How to understand `Pin` in rust language?

When I was learning the rust language, I ran into an obstacle: the self-referential structure Pin, I checked some information through Google and found that none of the understanding is deep, I just know that Pin can fixed the memory so far, I have some questions like the following:

  1. what is the purpose of pin to solve the problem?
  2. what is the underlying implementation principle and mechanism of pin? Why is it possible to pin (fixed) memory from being moved, and how does it do so?
  3. What is the essential difference between Pin, UnPin and !UnPin?
  4. Is it possible for all data types to be pinned (fixed) and not moved from memory?
  5. How is it handled for heap and stack?
  6. What is the recommendation for using pin in project development?
  7. What is the relationship between Pin and ownership and lifetime?

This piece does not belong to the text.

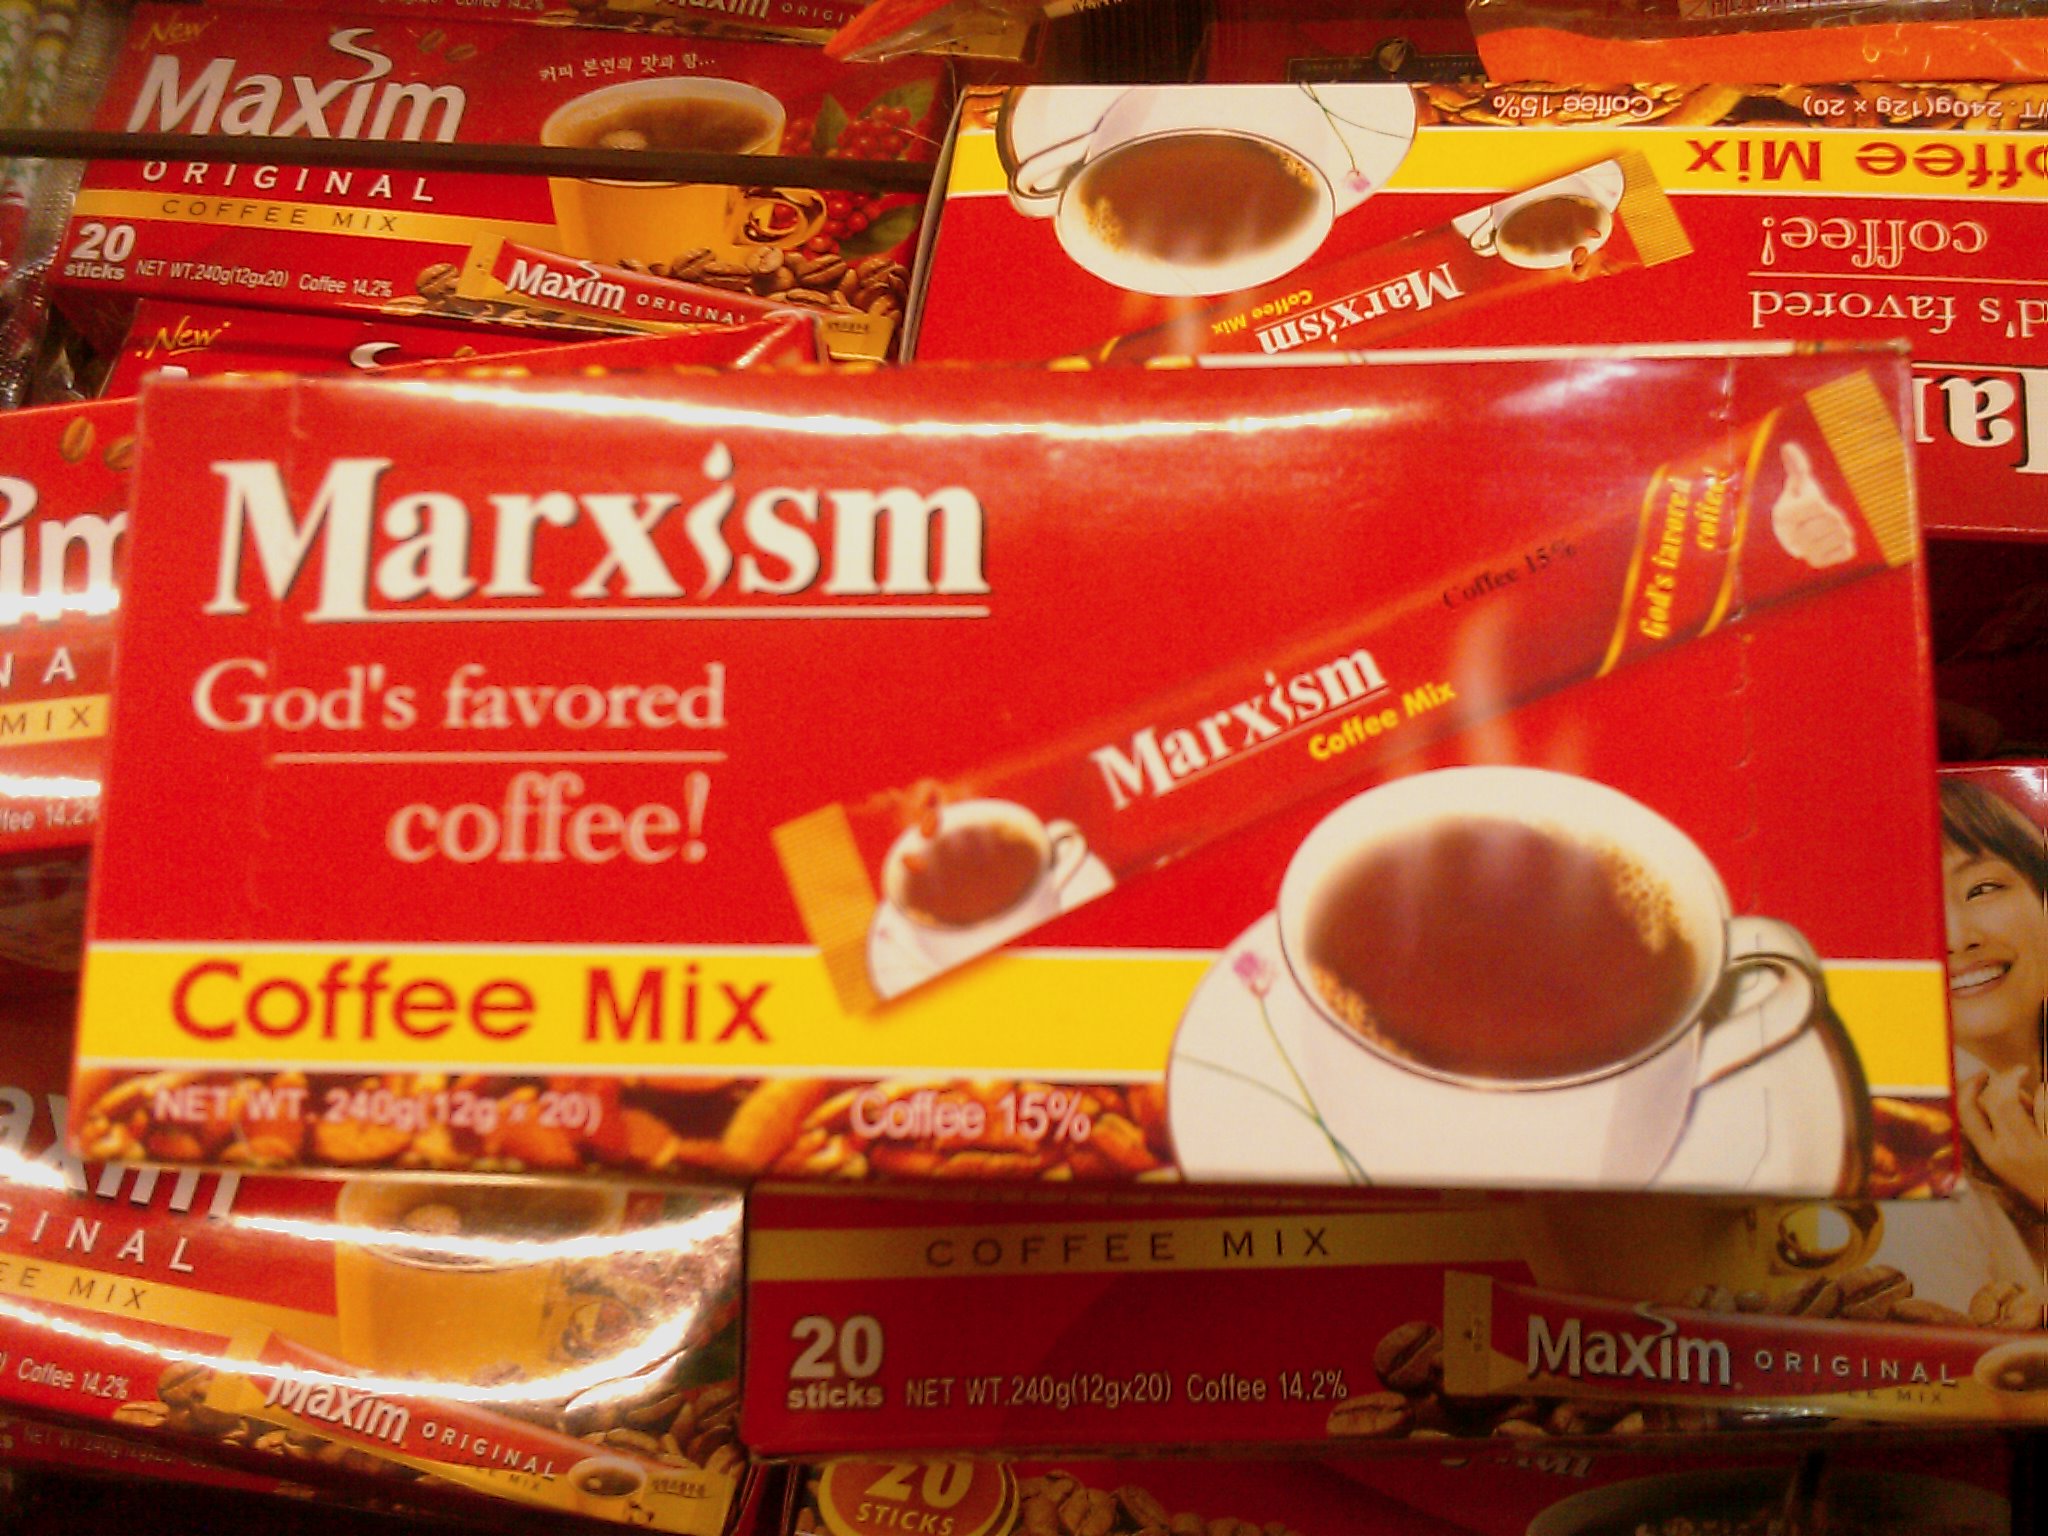 Marxism Coffee: God's favored brand!

Maybe you can checkout this video first.


To make operations which could break the position-dependent invariants unsafe, therefore allowing to expose the value which uses these invariants (such as self-referential value) to safe code.

If the value has any position-dependent invariant (i.e. if it'd be broken by moving), it is not Unpin. When T is not Unpin, it's unsafe to go from Pin<Ref<T>> (where Ref is any unique-reference-like type - &mut T, Box<T>, and so on) to &mut T. Therefore, safe code can't use any operation which would move T (except dropping), since they all need either a bare T or &mut T.

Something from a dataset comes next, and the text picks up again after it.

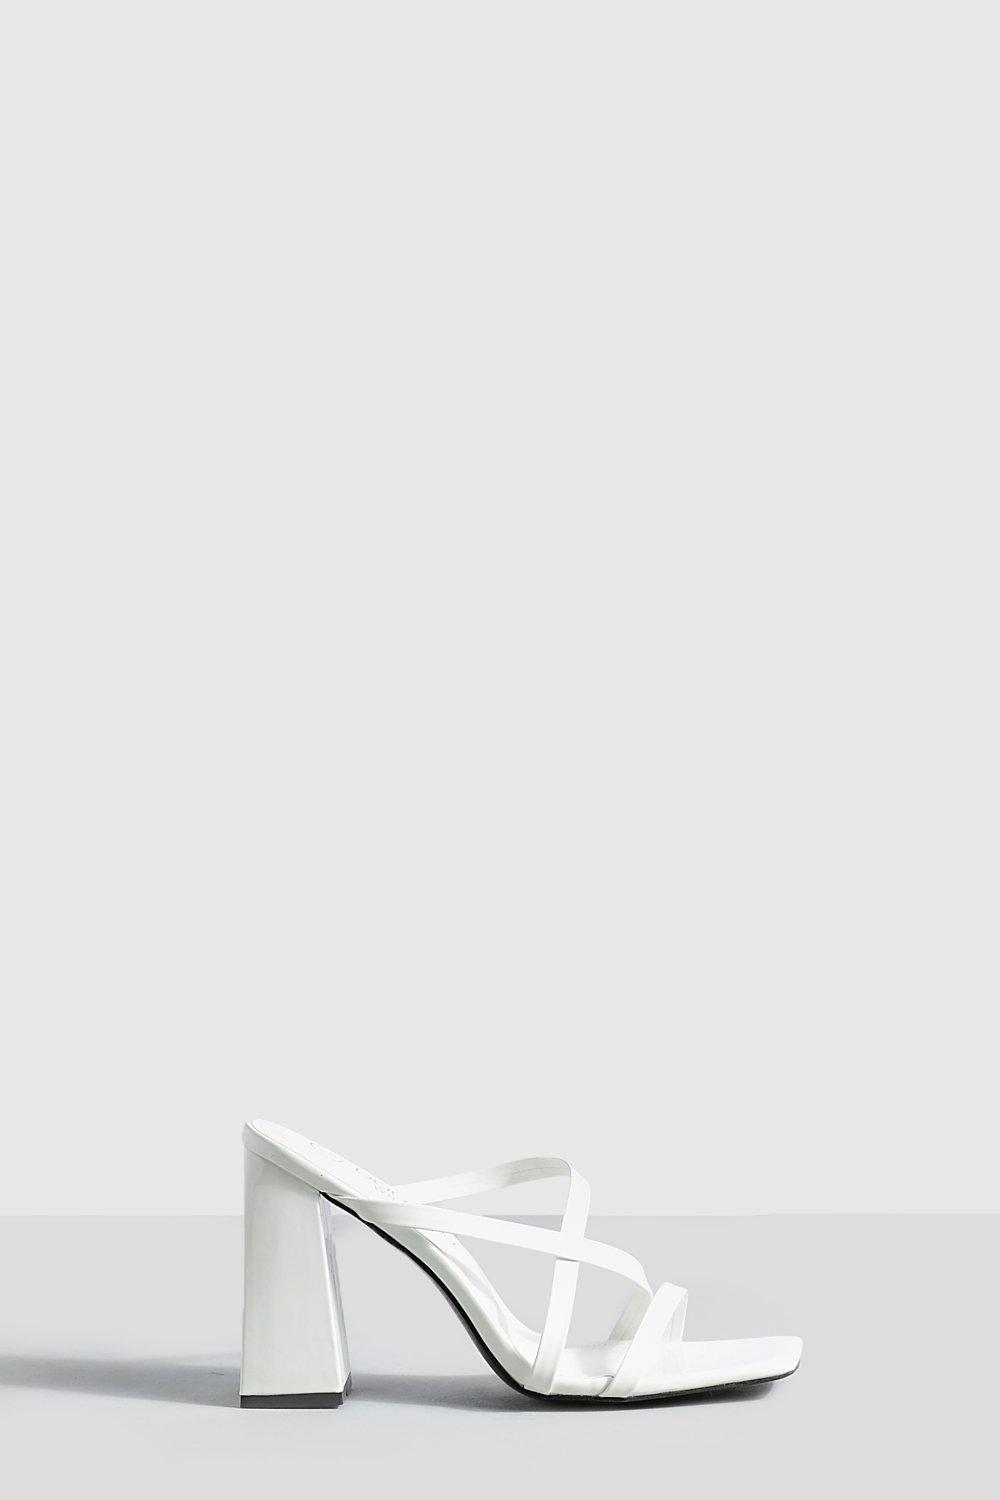 Image of Sandali Mules a calzata ampia a punta quadrata con tacco a blocco, Bianco

  • Pin is a wrapper type, which restricts the set of possible operations, as described above.
  • Unpin is a marker trait, which lifts the restrictions imposed by Pin. The absence of Unpin, therefore, lets these restrictions stay in place.

It is always possible, but not always meaningful. For example, pinning any kind of Copy types is pointless, since it's always safe to get &T from Pin<Ref<T>>, and Copy types can be simply copied from behind the shared reference.

The only difference is that stack-pinned values can't be returned from function they're pinned in (since the stack frame they're pinned to will be destroyed on return). Otherwise, Pin<&mut T> is much the same as Pin<Box<T>>.

AFAIK, the recommendations are simple:

  • Don't use it if you don't strictly need it (that is, if you don't use it in some async code).
  • Otherwise, use one of Box::pin, FutureExt::boxed or pin_mut, whatever makes sense for your types.
  • And don't reach for unsafe, unless you know exactly why all other variants won't work.

As with any other wrapper - it owns the value it contains and can't outlive this value, if it is a reference.


Just being pedantic. (But maybe helpful to someone to understand how it lifts.)
Traits extend the functionality. It is the where clause of functions this comes in play.
So the starting point is a lack of functionality, (Exception with Sized being on by default and you have to specify it is not required with ?Sized.)
It is true for Unpin but the compiler adds this trait to most things; but keep thinking that you start without it.
Original starting point is one of being unsafe to move.

Now you slightly reverse what is quoted.
Pin lifts the restrictions by adding functions for the cases where the type is Unpin as a guarantee of being safe to move has been added. In absence of guarantee you have to resort to unsafe.

If you only have Pin-wrapped pointers/references to a structure (and the pointed-to type doesn't implement Unpin, and you cannot obtain any &mut reference afterwards), you cannot move the memory pointed-to by the pointer/reference (e.g. by using std::mem::swap), thus any self-referential pointers will remain valid (and not become dangling because the memory addresses would have changed).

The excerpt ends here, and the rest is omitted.